Comme le rapporte la Deutsche Welle, « l’Allemagne est actuellement toujours dépendante des combustibles fossiles russes », a déclaré jeudi le ministre de l’économie Robert Habeck, qui s’est prononcé contre une interdiction des importations d’énergie en provenance de Russie au lendemain de l’invasion de l’Ukraine par Moscou.

« Je ne préconiserais pas un embargo sur les importations russes de combustibles fossiles. Je m’y opposerais même », a-t-il déclaré après avoir rencontré des chefs d’entreprise allemands. « Nous avons besoin de ces approvisionnements énergétiques pour maintenir la stabilité des prix et la sécurité énergétique en Allemagne », a ajouté M. Habeck, prévenant qu’ »une pénurie d’approvisionnement pourrait menacer la cohésion sociale en Allemagne. »

M. Habeck a souligné que l’Allemagne « doit se libérer » des importations de gaz, de charbon et de pétrole russes. En février, l’Allemagne a arrêté le projet controversé de gazoduc Nord Stream 2. Depuis, elle s’est jointe à d’autres nations européennes pour introduire une série de sanctions contre la Russie en raison de son invasion de l’Ukraine. Berlin a même renoncé à sa pratique de longue date consistant à bloquer les exportations d’armes vers les zones de conflit.

M. Habeck a toutefois déclaré que l’Allemagne avait déjà commencé à ressentir les effets de ces décisions.

« L’impact des sanctions et de la guerre sur tous les secteurs de l’économie est si fort que nous pouvons craindre un impact important », a déclaré M. Habeck. Le ministre a déclaré que tous les espoirs de voir la plus grande économie d’Europe retrouver les niveaux post-pandémie plus tard dans l’année ont été anéantis.

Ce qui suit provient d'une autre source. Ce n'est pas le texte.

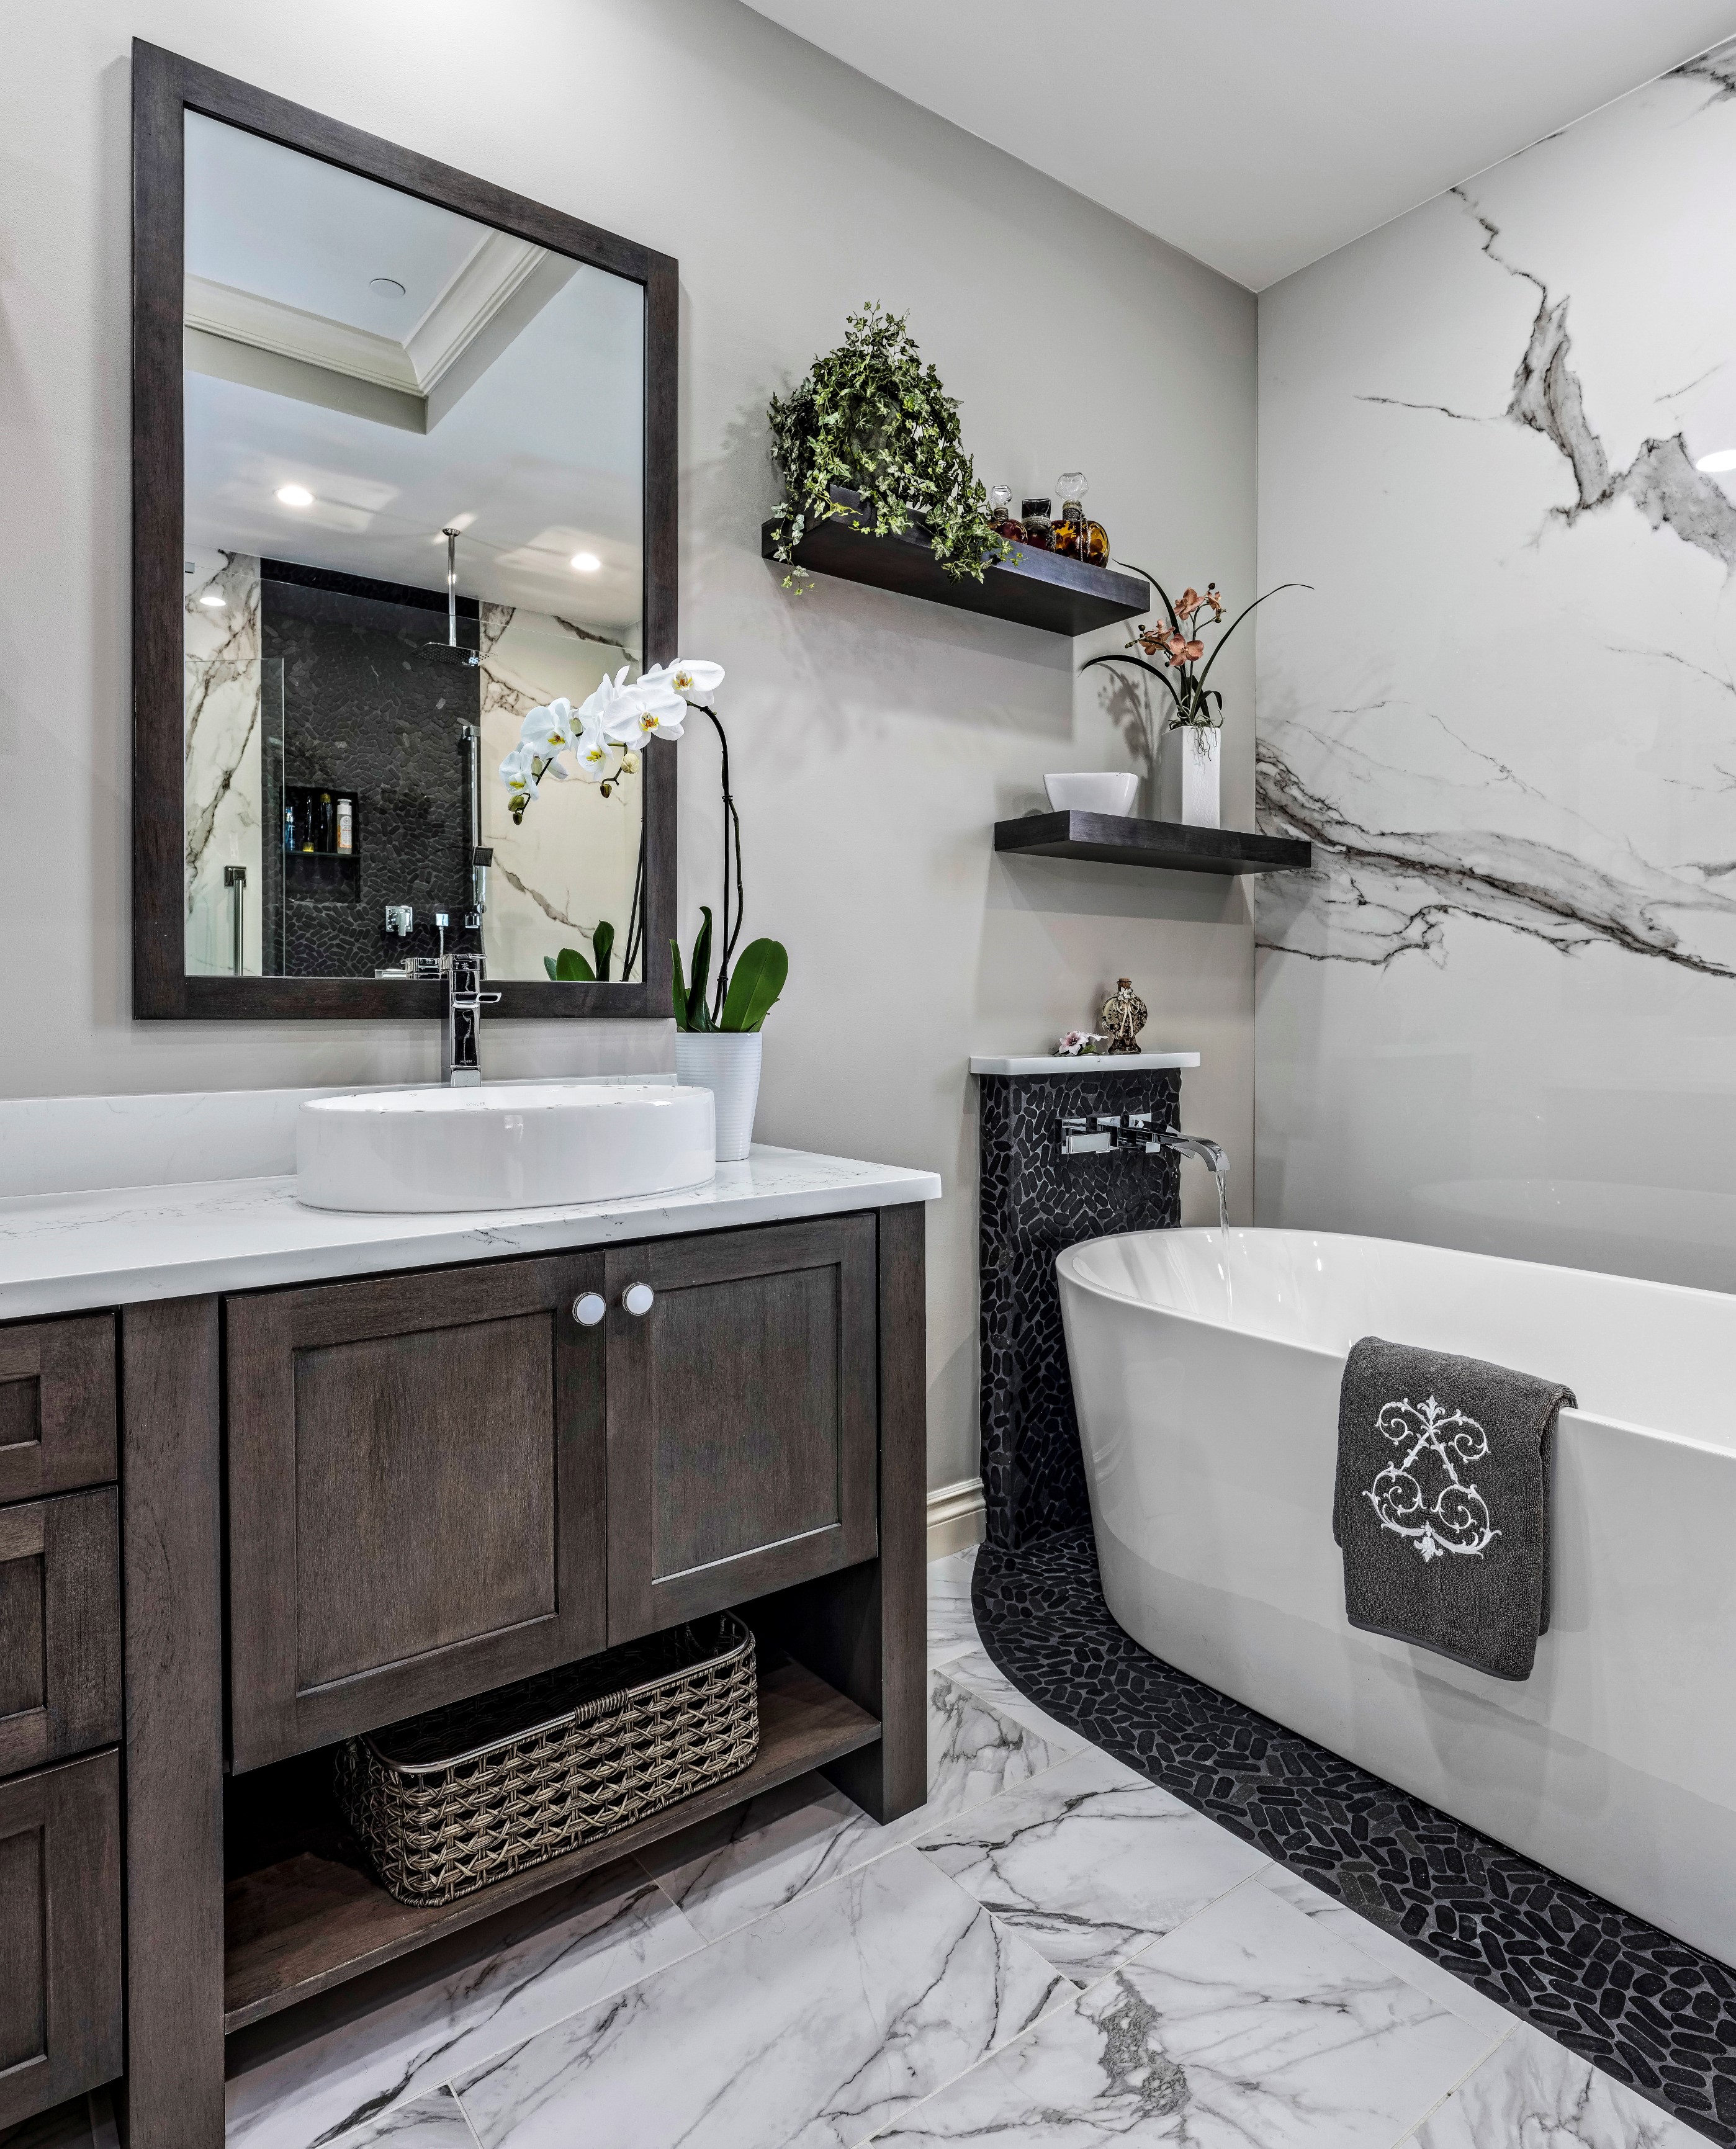 Bathroom Remodeling Typically Cost, Average Bathroom Renovation Cost

« Nous avions espéré que nous allions connaître une embellie ce printemps, une phase de reprise. Mais nous avons maintenant les conséquences de la guerre », a-t-il averti. Habeck a exhorté les consommateurs à faire leur part en réduisant leur consommation. « Si vous voulez faire un peu de mal à Poutine, alors économisez l’énergie », a-t-il déclaré.

Le gouvernement allemand a promis de mettre à disposition des crédits bon marché par l’intermédiaire de son prêteur public KfW pour aider à compenser une partie des pertes.

M. Habeck a dit espérer que les mesures prises par le gouvernement pour atténuer l’impact des sanctions et des prix élevés de l’énergie sur les entreprises et les ménages permettraient d’éviter une récession.

« Et il faut dire une fois de plus que c’est Vladimir Poutine seul qui a fait peser ces conséquences sur la communauté mondiale », a-t-il ajouté.